- Task details
Output the whole listing below exactly, omitting the images.
BEGIN Source material
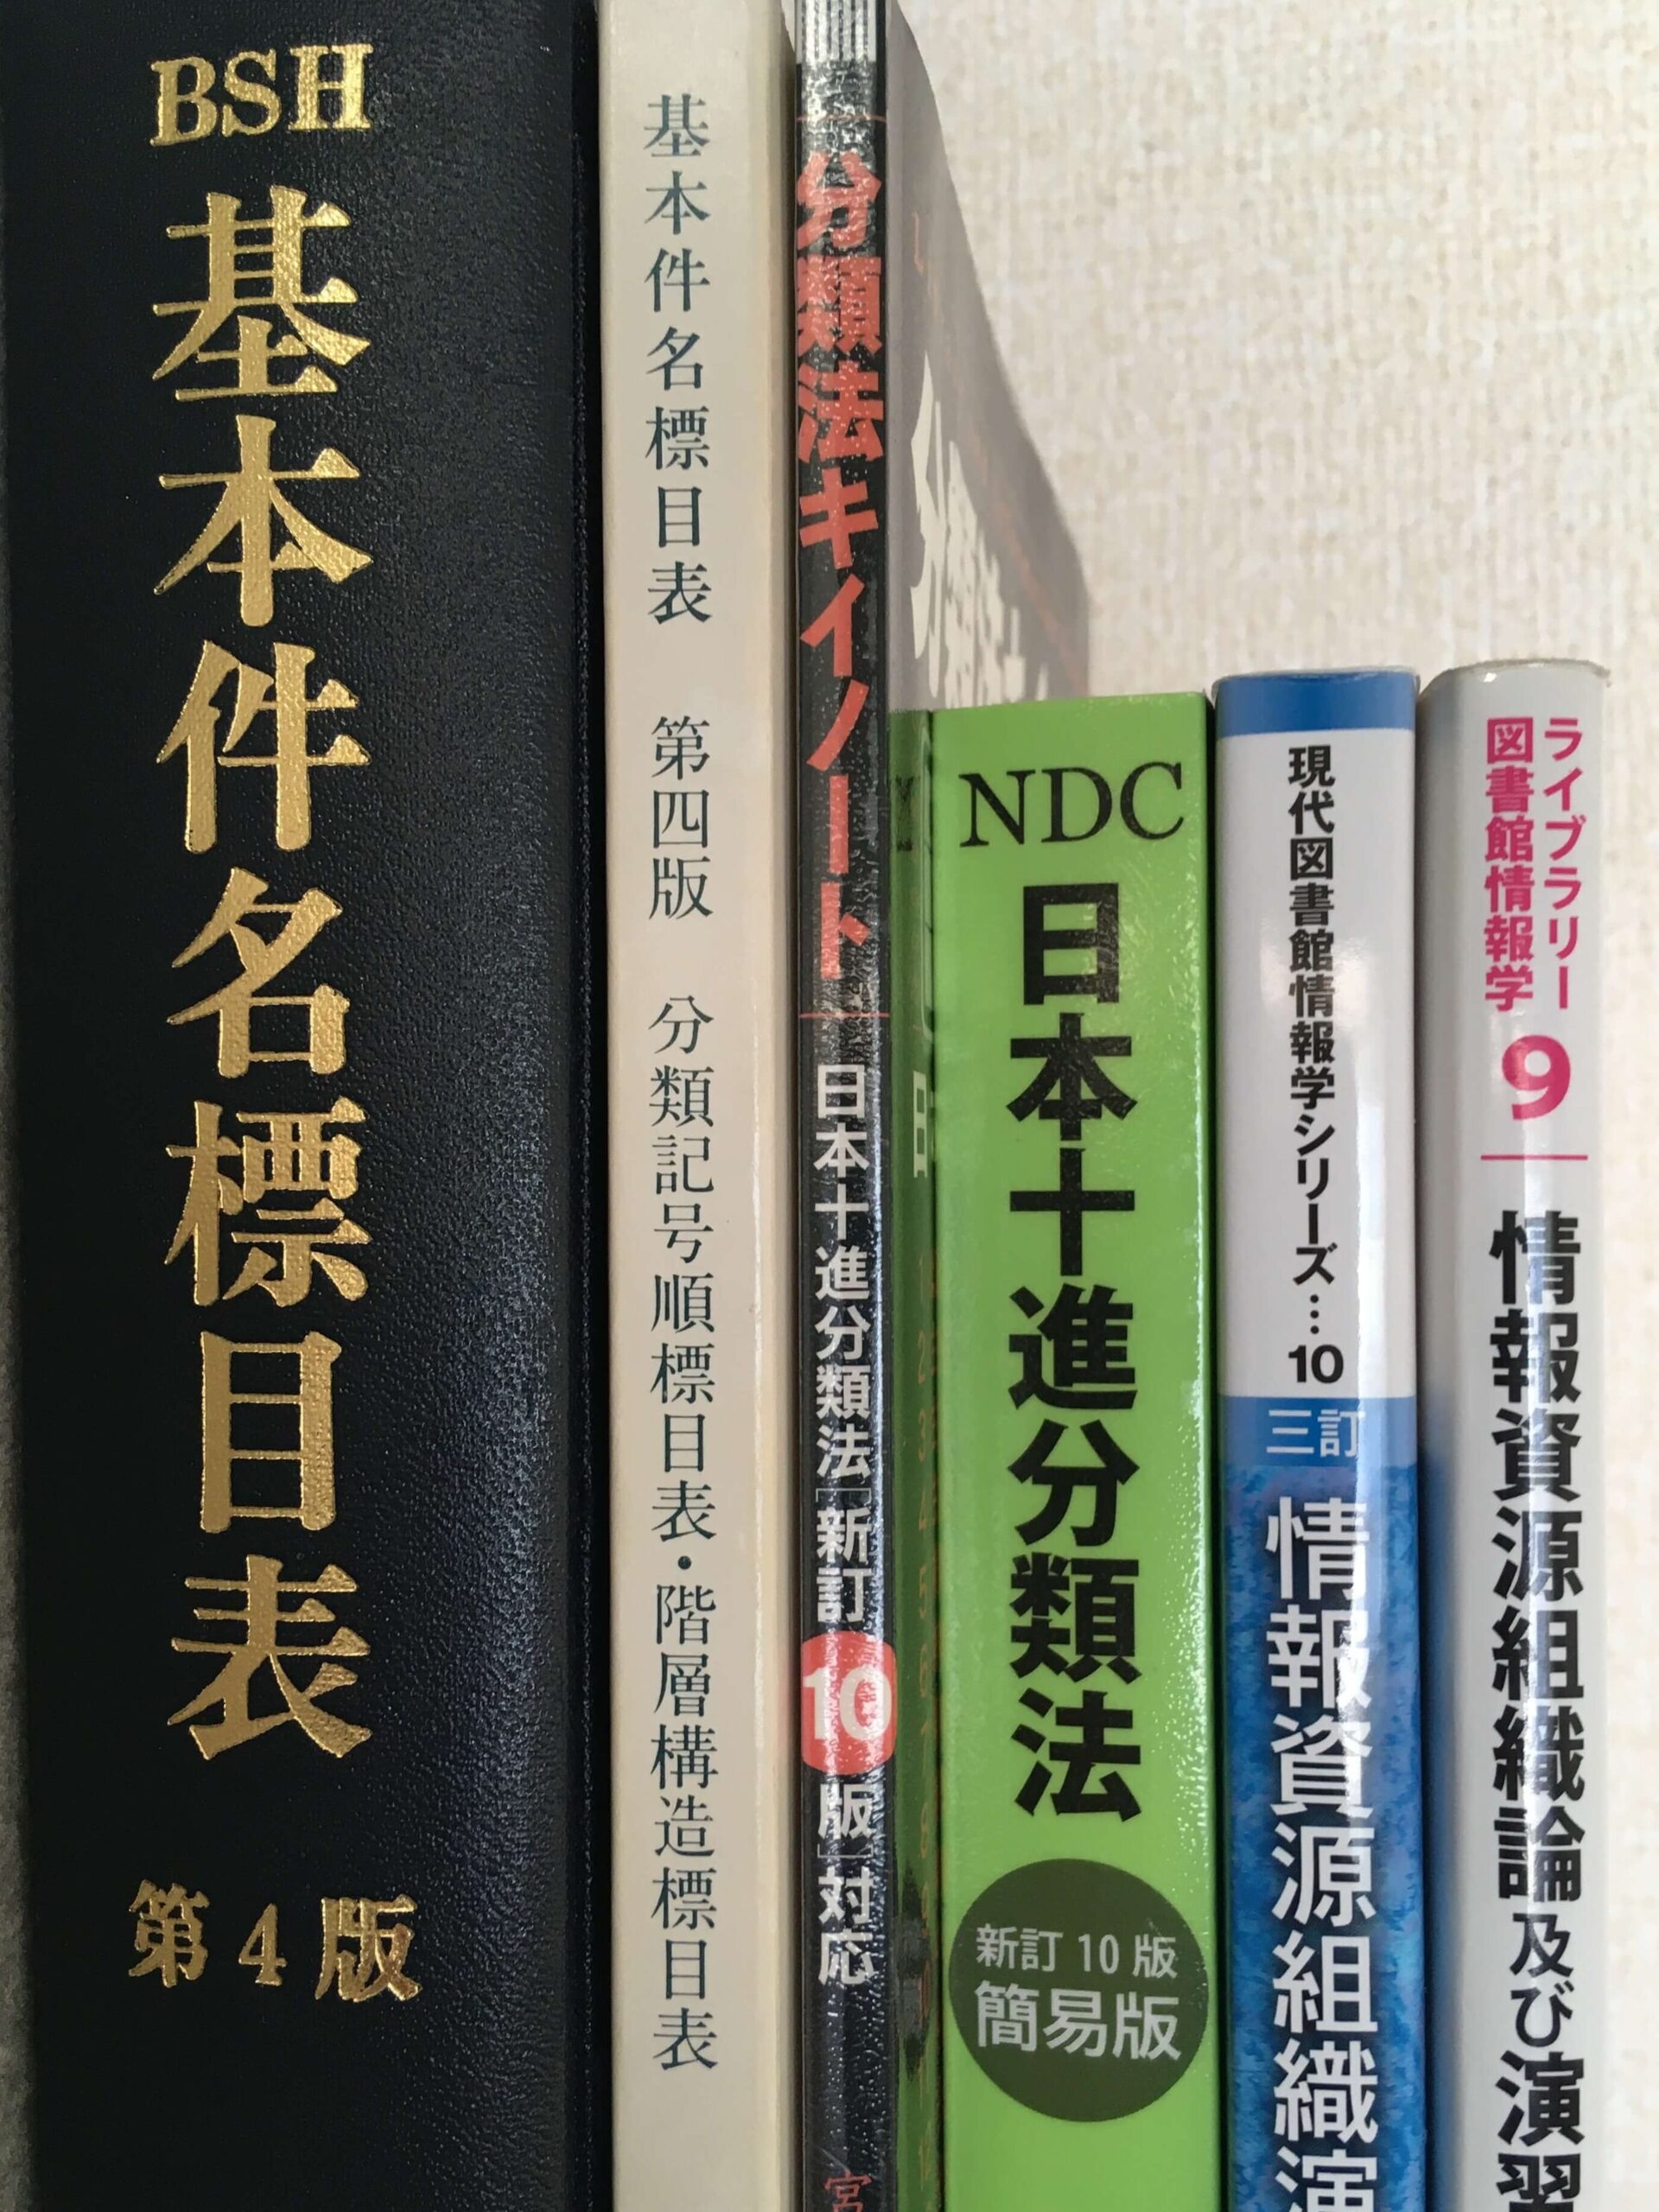 日本十進分類法新訂10版NDC 基本件名標目表第4版BSH - 人文/社会
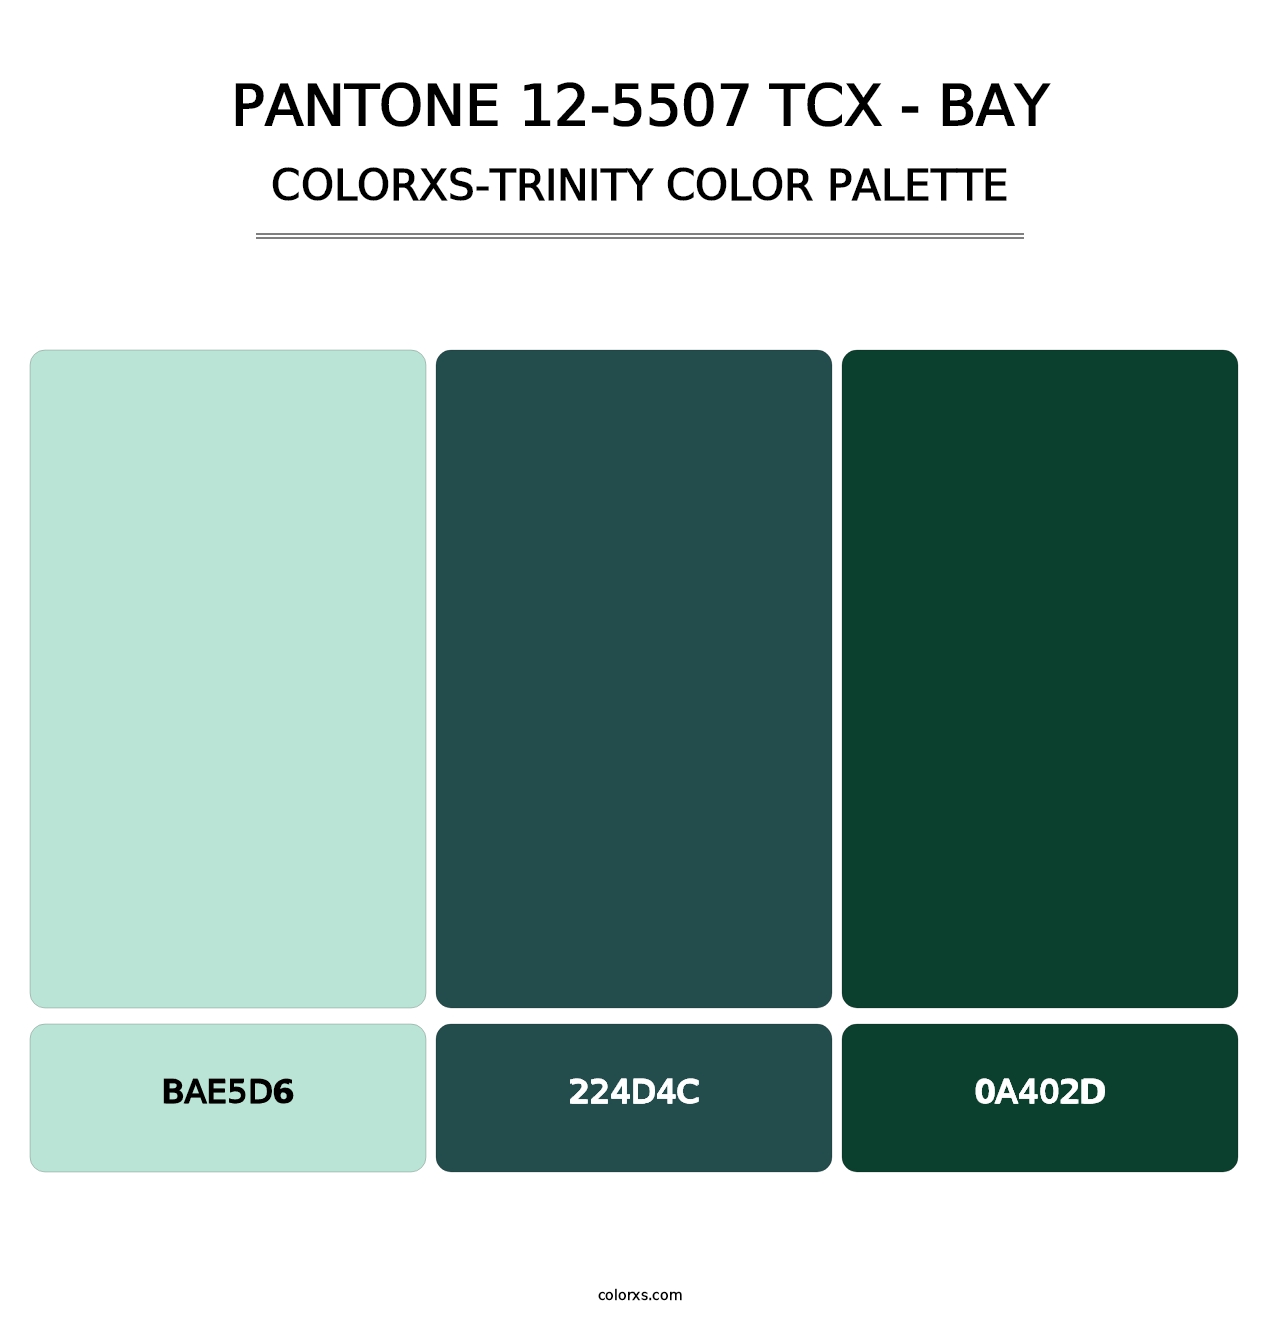 PANTONE 12-5507 TCX - Bay - Colorxs Trinity Palette
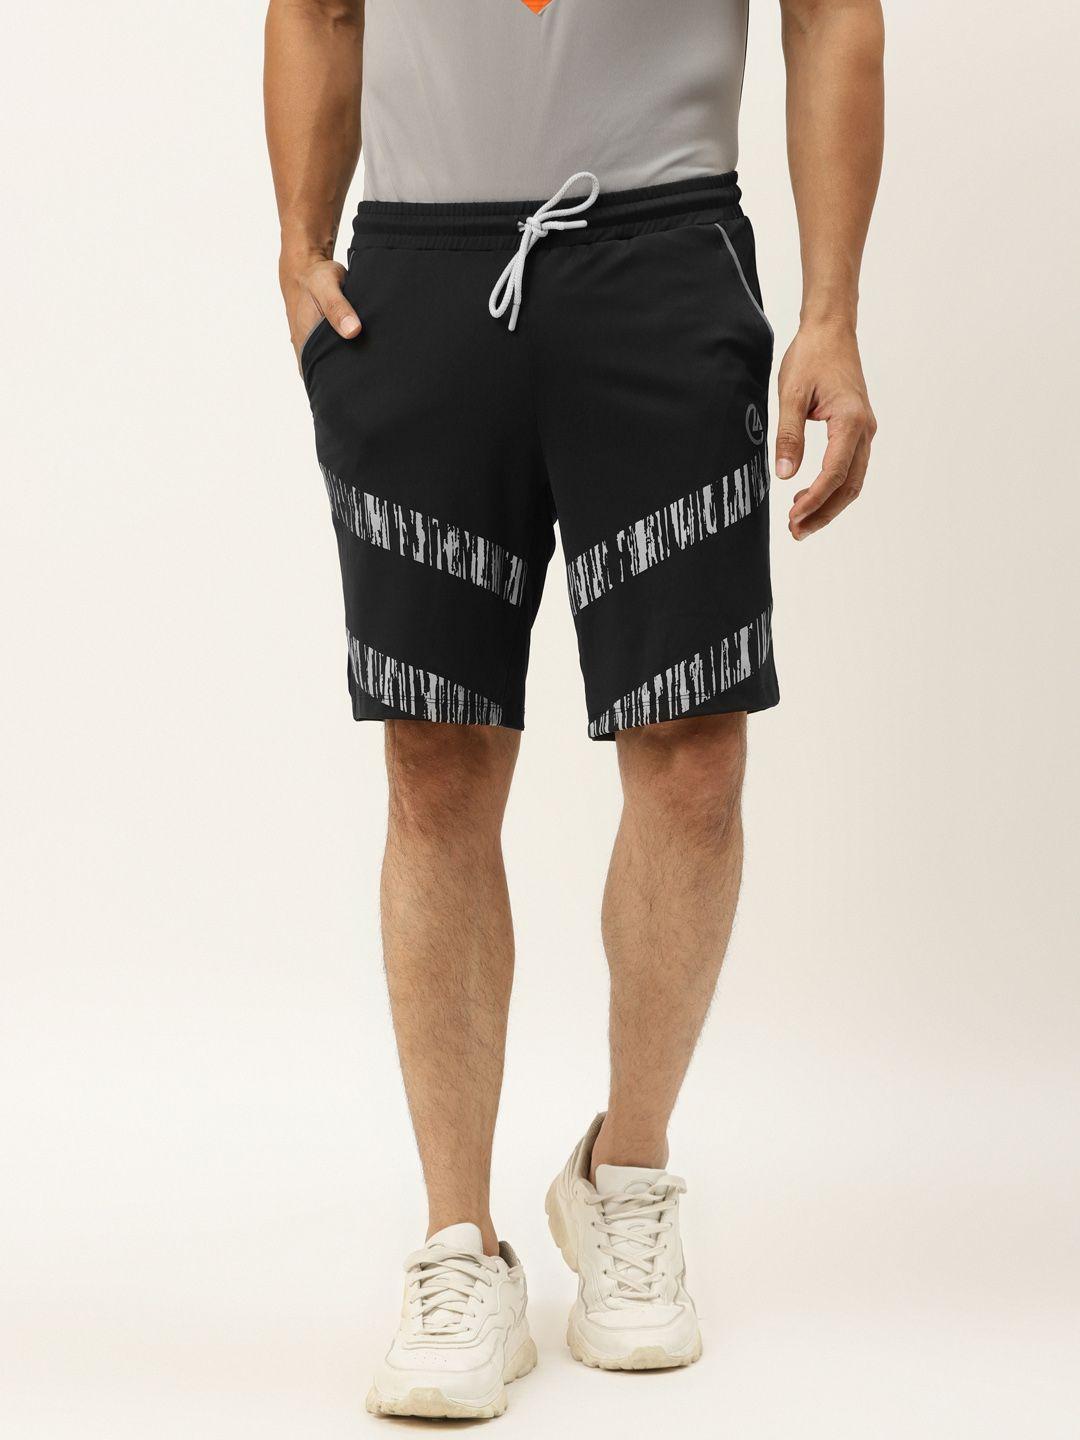 actoholic men black & grey printed regular fit sports shorts
END Source material
- Task output
 日本十進分類法新訂10版NDC 基本件名標目表第4版BSH - 人文/社会
 PANTONE 12-5507 TCX - Bay - Colorxs Trinity Palette
 actoholic men black & grey printed regular fit sports shorts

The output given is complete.